§ **DATA SHOWN**

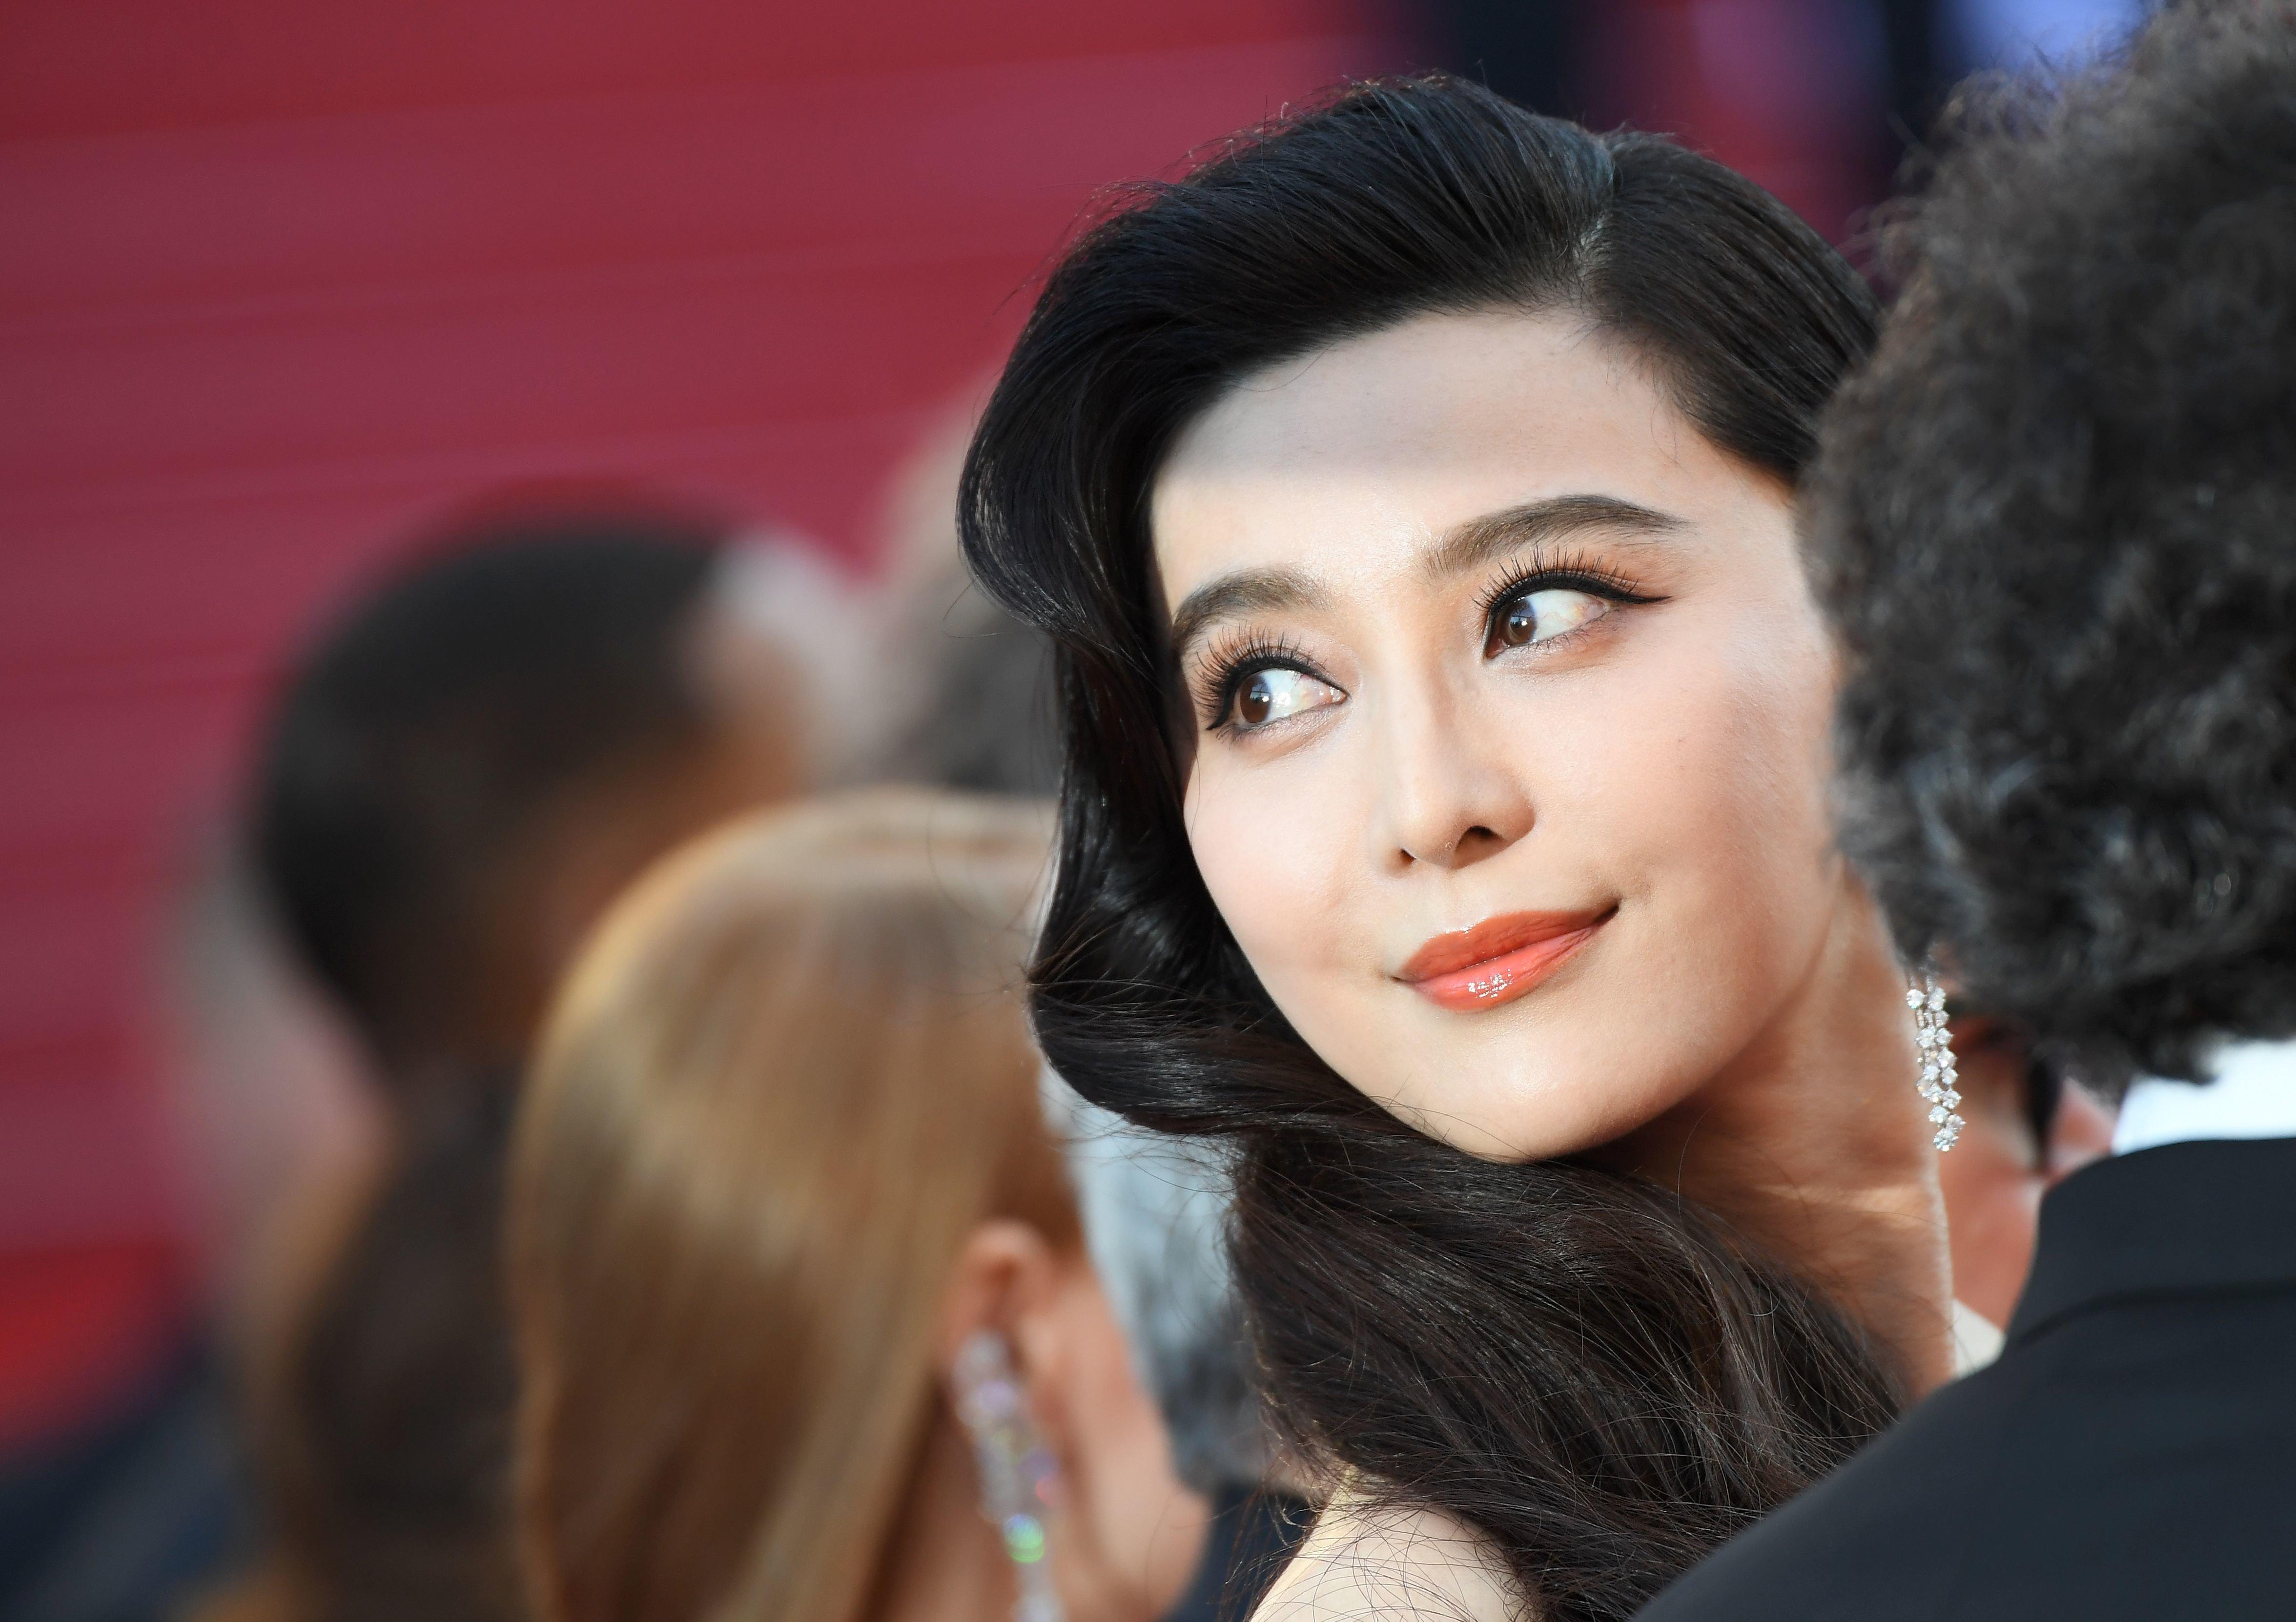 Η πιο διάσημη ηθοποιός της Κίνας «εξαφανίστηκε» σαν να μην υπήρξε ποτέ. Και όλοι φοβούνται το ίδιο
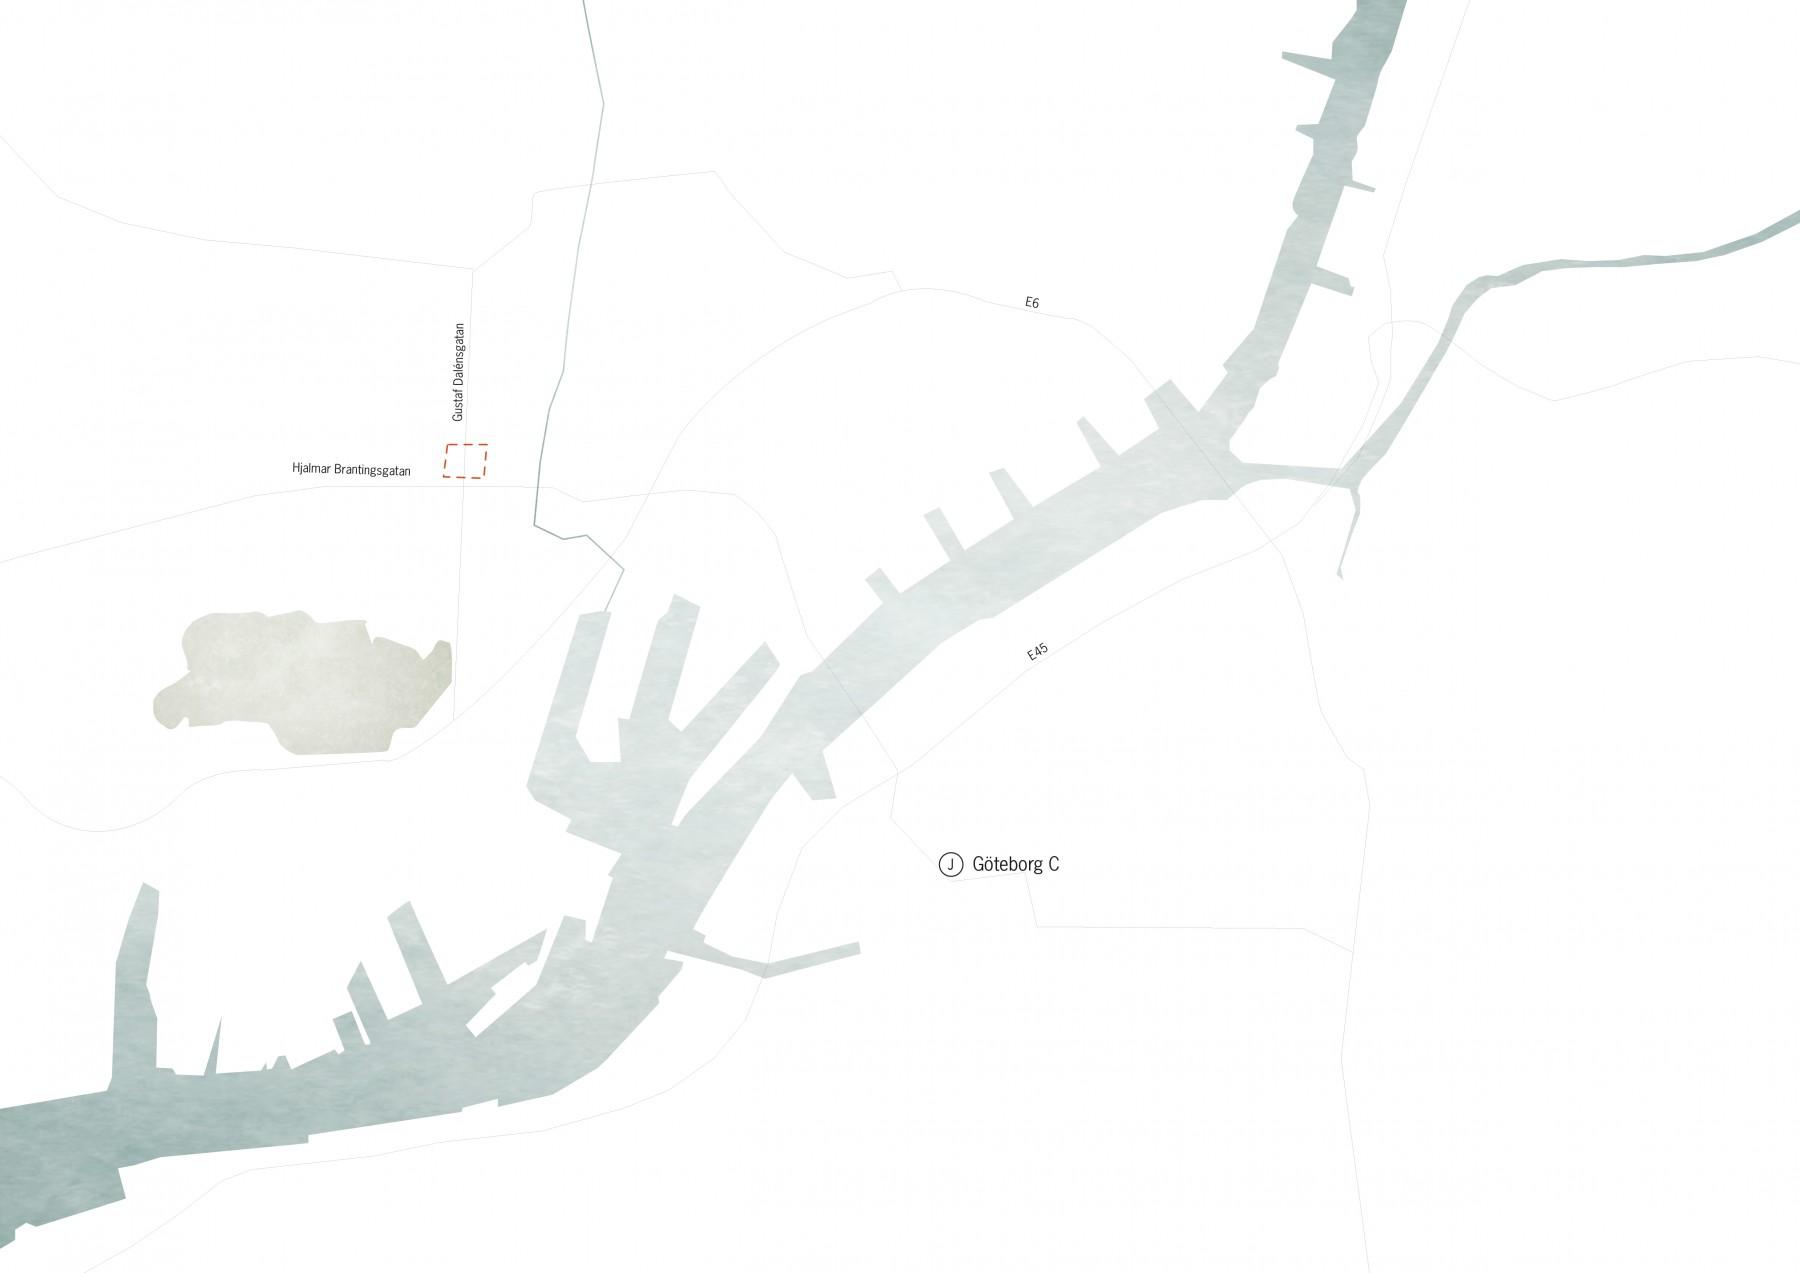 Kvillebacken_LAND_2011_karta
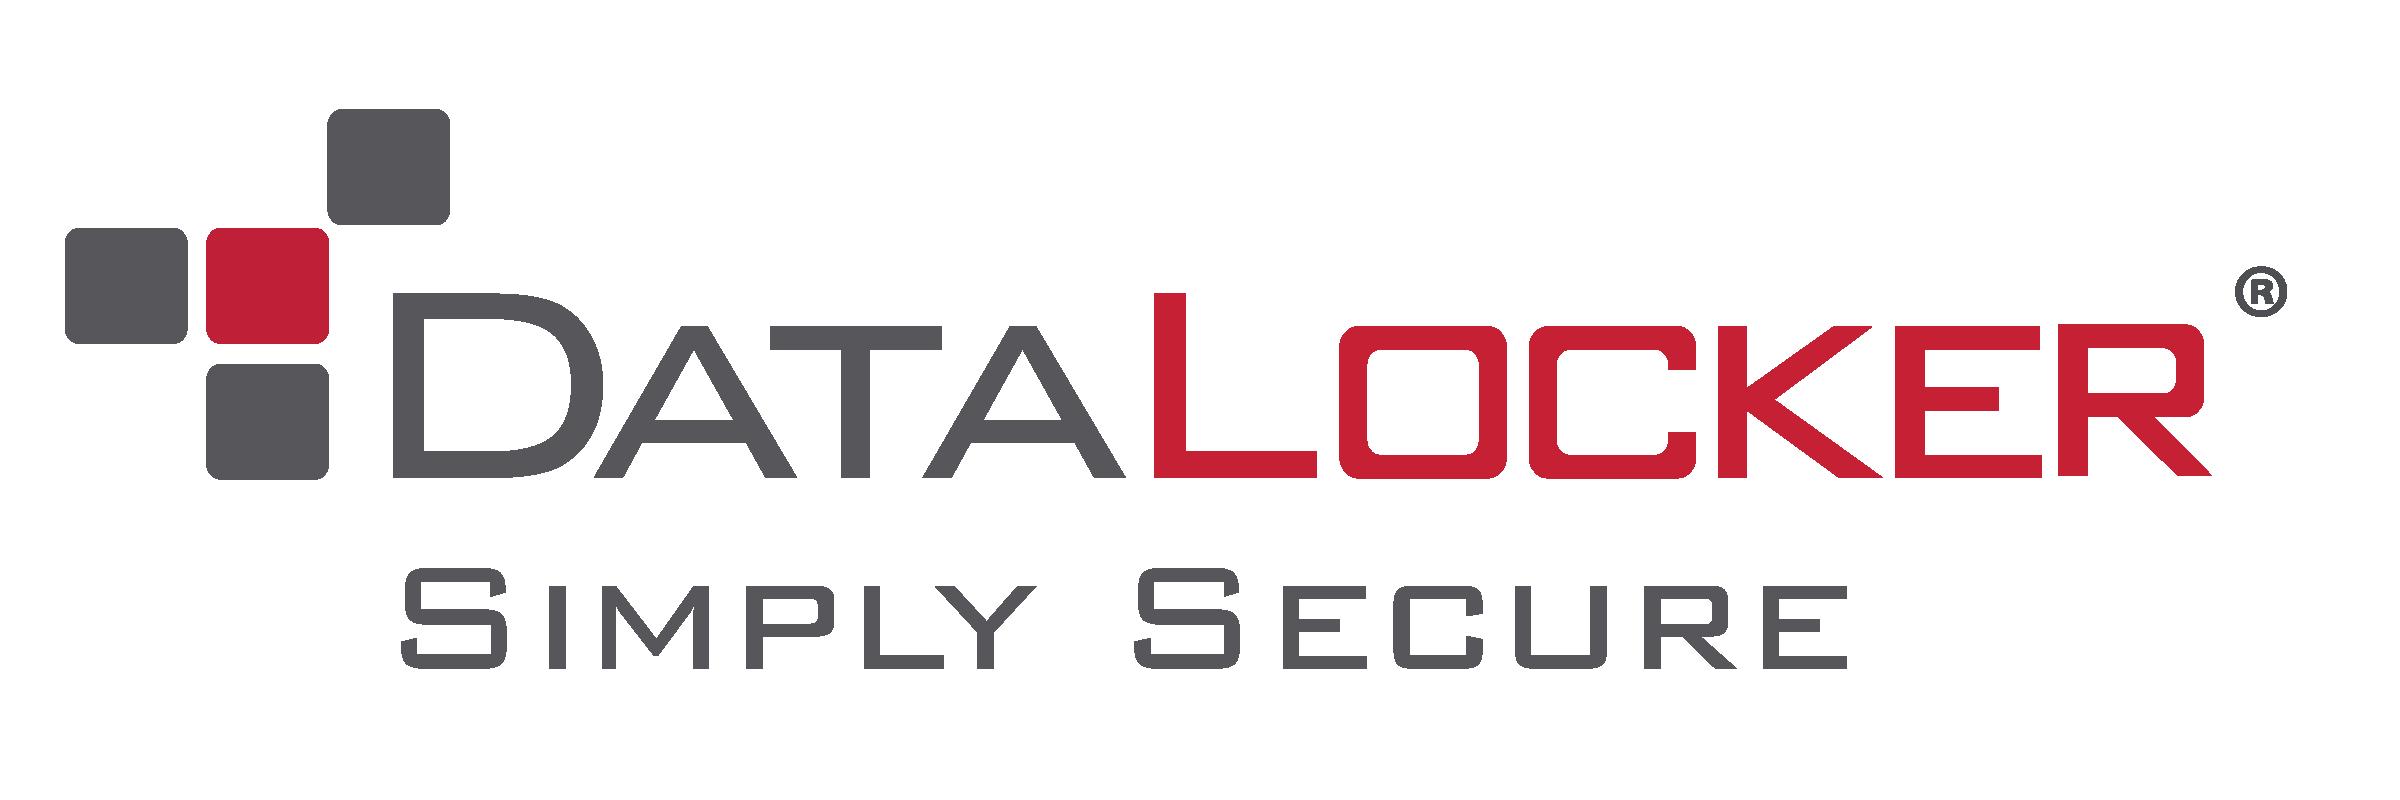 datalocker.png

§ **TASK GOAL**
An exact, picture-free copy of the listing above is the goal; write it out now.

§ **EXERCISE SOLUTION**
 Η πιο διάσημη ηθοποιός της Κίνας «εξαφανίστηκε» σαν να μην υπήρξε ποτέ. Και όλοι φοβούνται το ίδιο
 Kvillebacken_LAND_2011_karta
 datalocker.png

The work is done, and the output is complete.